Firma

Der Kaufmann ist berechtigt und verpflichtet, eine Firma zu führen. Das bestimmt § 17 des Handelsgesetzbuches (HGB). Die Firma ist der Name, unter dem er seine Geschäfte betreibt. Ein Kaufmann kann unter seiner Firma klagen und verklagt werden. Namens- und markenrechtlich genießt die Firma einen besonderen Schutz.

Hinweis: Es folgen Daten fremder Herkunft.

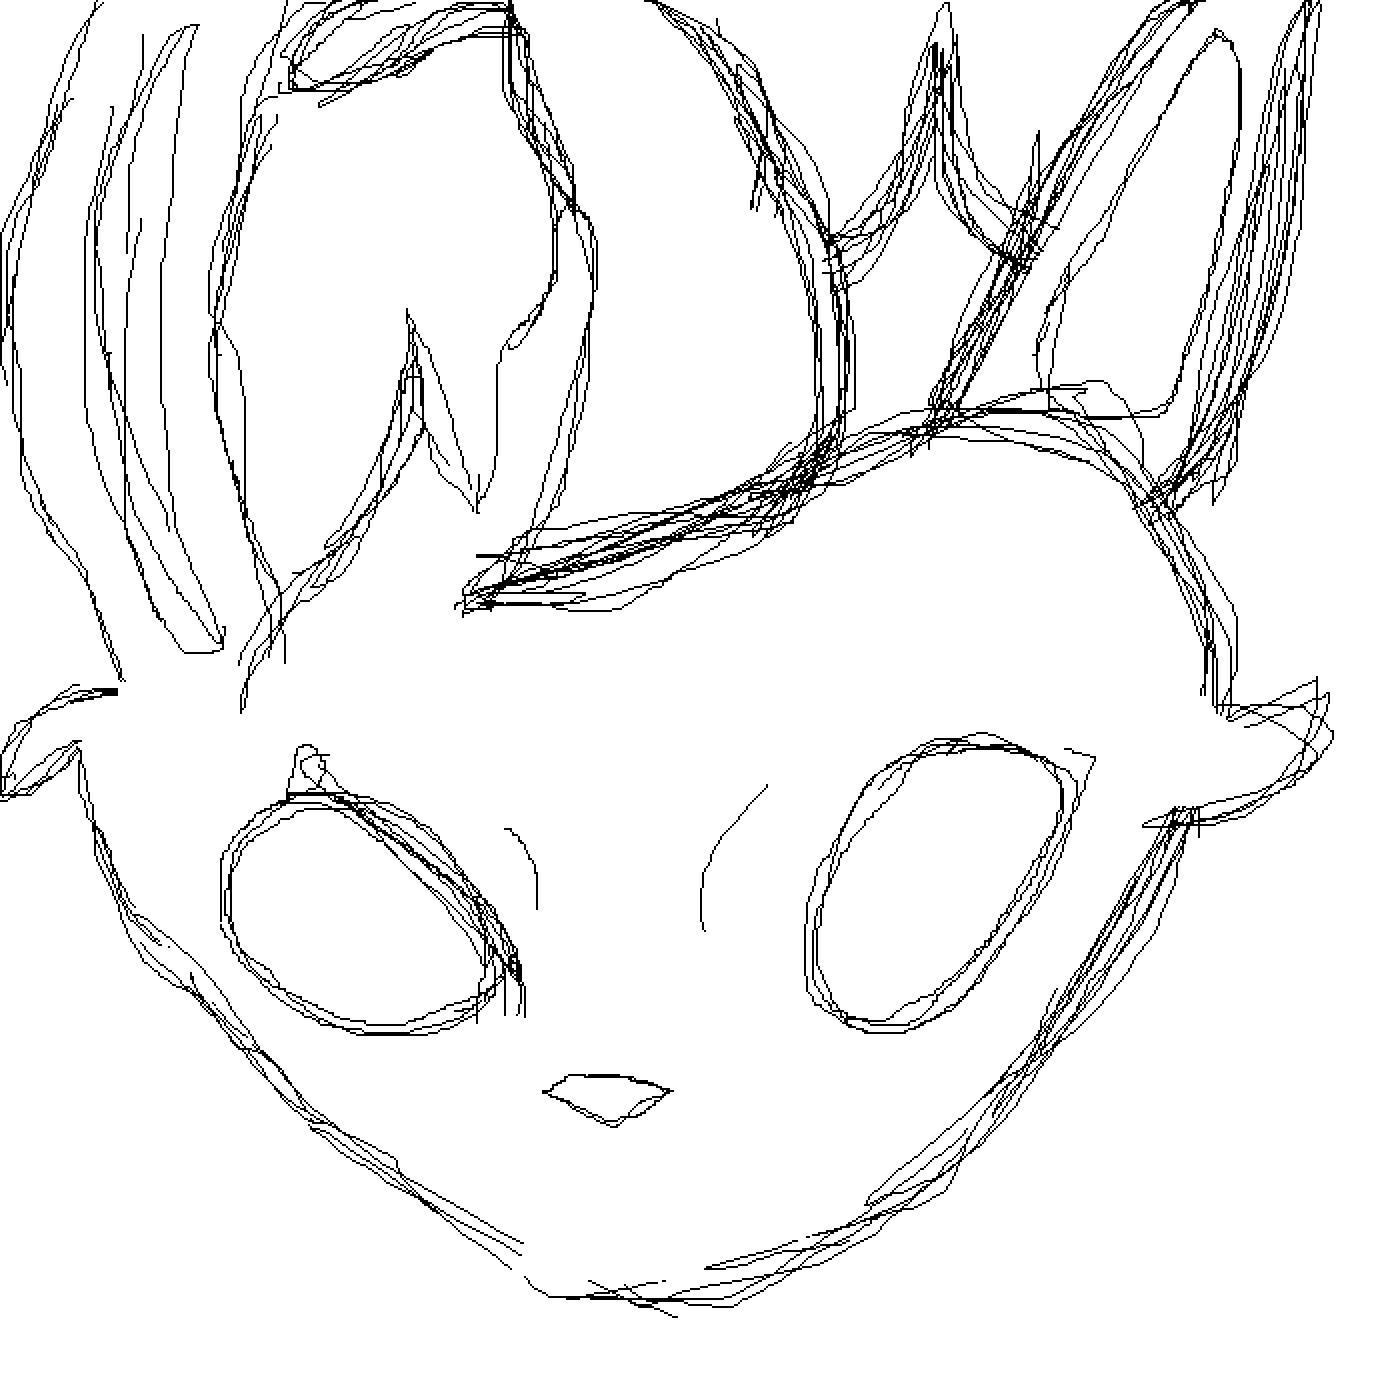 Leafeon sketch  by Zyragoon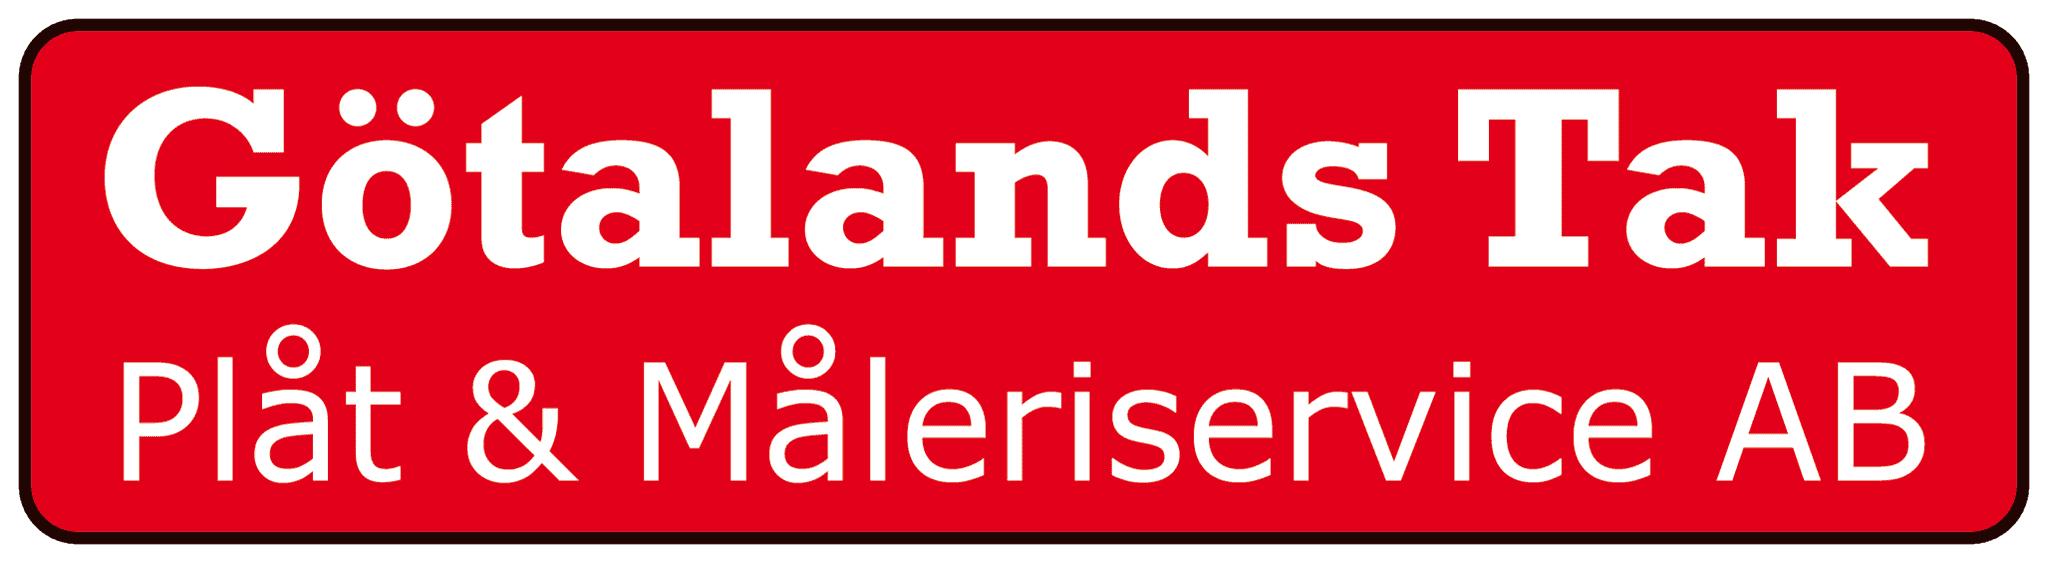 Logotyp för Götalands Tak, Plåt & Måleriservice AB

Kleingewerbetreibende (siehe vorheriger Abschnitt) dürfen dagegen - soweit sie nicht freiwillig im Handelsregister eingetragen sind - keine Firma führen. Rechtlich müssen sie allein unter ihrem Personennamen auftreten. Sie haben aber die Möglichkeit, ihre Geschäftsbezeichnungen auf anderem Wege, etwa durch Eintragung als Marke, abzusichern.

Wer berechtigt ist zu firmieren, hat viele Freiheiten:

  • Phantasiebezeichnungen sind ebenso zulässig wie Sach- und Personalfirmen (z. B. "W. Schmidt Handelsvertretung").
    Unzulässig sind allerdings allgemeine Bezeichnungen wie "Sicherheit + Technik" oder "Leasingpartner". Ein Unternehmen muss anhand seines Namens identifiziert werden können.
  • Die Firma darf keine Angaben enthalten, die über die wesentlichen geschäftliche Verhältnisse täuschen können.
  • Die Firma muss einen Hinweis auf die Rechtsform (z. B. GbR, GmbH, KG, OHG) oder die Kaufmannseigenschaft (eingetragener Kaufmann, e.K.) enthalten.